A report from the Huffington Post. “Foreclosure starts have begun to edge up in some of the nation’s hottest housing markets. Nearly a quarter of the nation’s large metro areas saw upticks in foreclosure starts, the point when banks take the first step to foreclose on a delinquent home loan, in the third quarter of this year. That included a surprising number of some of the hottest inland housing markets, such as Denver, Austin, Dallas, Nashville and Columbus, Ohio. For some of the high-flying real estate markets in cities like Denver and Austin, the rare increases may be early warning signs of trouble to come if credit gets too loose, said Daren Blomquist, a vice president at ATTOM Data Solutions, which tracks foreclosure starts.”

“There’s a tendency for banks to lend too much when prices are rising and resale value is harder to predict, but ‘in a rising market, they’re going to be OK anyway,’ said James Gaines, chief economist at Texas A&M University’s Real Estate Center. The highest rates of foreclosure in Austin, Dallas, Denver, Nashville and Columbus are for mortgages that started in 2014, Blomquist said. That looser credit, meant to entice first-time buyers to the market, has added instability to the housing market because homeowners have less incentive to weather hard times and keep paying the mortgage, he said.”

“‘With lower down payments, the borrower has less skin in the game, and that’s just inherently more risky,’ he said. ‘It can take a few years for the chickens to come home to roost, and I think that’s what’s starting to happen.’”

From Kenneth Harney. “Here’s an important question for anyone hoping to buy a home next year but who isn’t quite confident about qualifying for a mortgage: Is it true that lenders have eased up on certain key requirements, making it simpler for first-time buyers and others who can’t pass all the strict tests to get approved? The good news answer is yes. A recent survey of banks and mortgage companies by giant investor Fannie Mae found that a record number of lenders report that they have relaxed at least some requirements for mortgage clients.”

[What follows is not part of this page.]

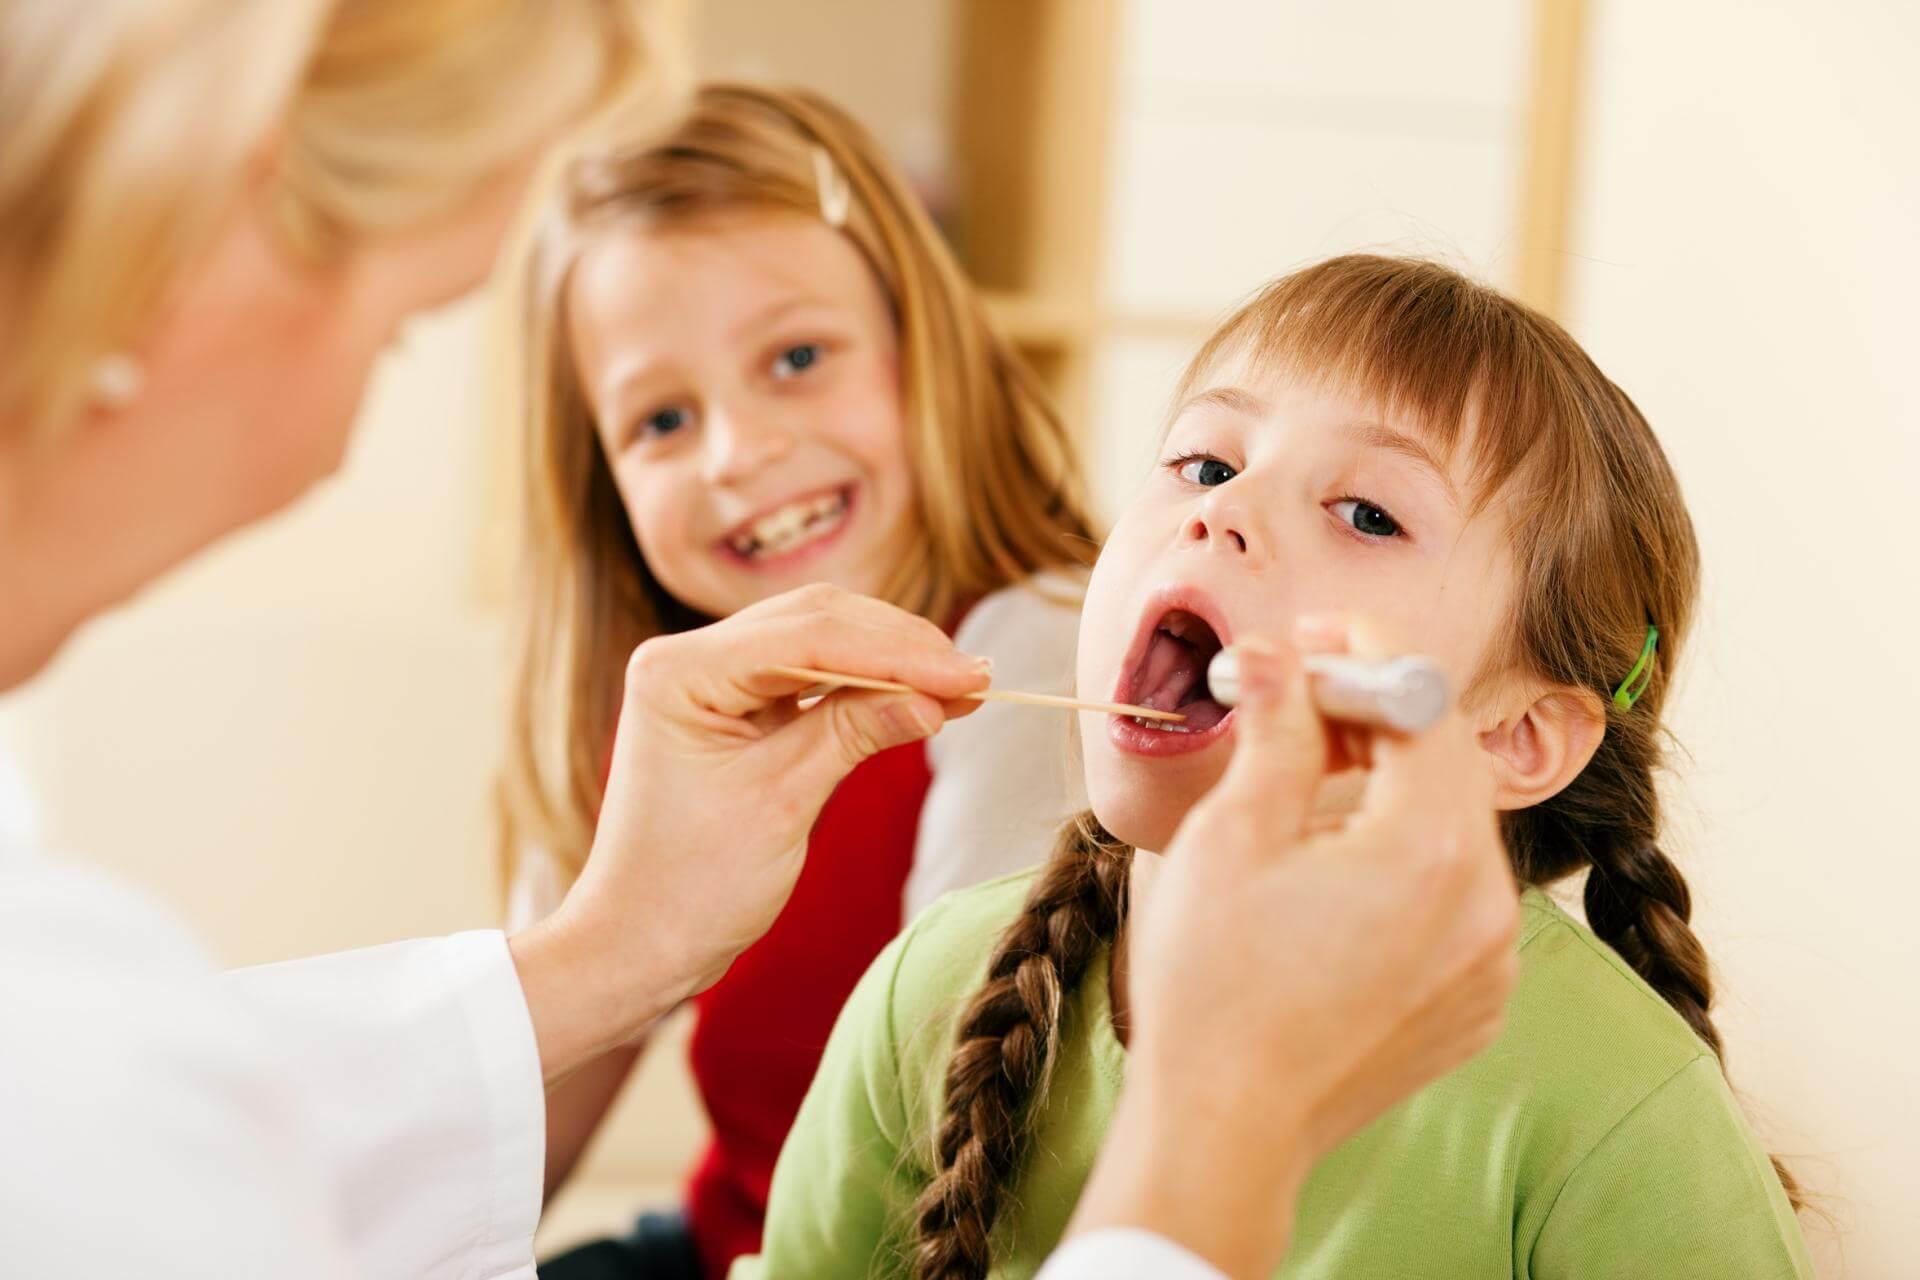 У ребенка осип голос — чем лечить: ингаляции, компрессы, народное и медикаментозное лечение

“Debt-to-income changes top the list. Under previous rules, your total monthly debt load could not exceed 45 percent of your monthly household gross income. Under the new rules, your total monthly debt can now go to 50 percent. With Federal Housing Administration (FHA) loans, you can push it even higher — 55 percent or 56 percent — provided that other aspects of your application are strong.”

From Bizwest on Colorado. “If you’ve been tracking headlines on the business pages in recent months, perhaps you were caught off guard by the news that home prices declined in some Front Range communities. After all, isn’t the market still blazing hot? And haven’t Fort Collins and Greeley and Boulder and Denver been experiencing some of the fastest appreciating housing prices around the country?”

“The standard for a ‘balanced’ housing market is six months of inventory. Locally, the inventory for homes priced at $400,000 or less is at a fraction of that six-month standard. Fort Collins is at 1.89 months, Greeley at 2.47 months, and Loveland at 1.75 months. But if you look at homes priced at $700,000 or more, the inventory is ample — nine months in Fort Collins, 9.38 months in Greeley, and 6.97 months in Loveland.”

From ABC 30 in California. “For sale, signs are popping up in the Bay Area as many fire victims are forced to sell after the devastating fires in wine country earlier this year. There are empty lots where homes once stood across Santa Rosa. Officials with the North Bay Association of Realtors say they are going up for about 160,000 dollars instead of 500,000.”

“And despite the big price drop, many fire victims are making it the hard choice to sell what they once called home. Officials expect more people to put up their lots for sale but they say it is still too early to tell exactly how housing values will be impacted. But there is concern more victims will find themselves priced out.”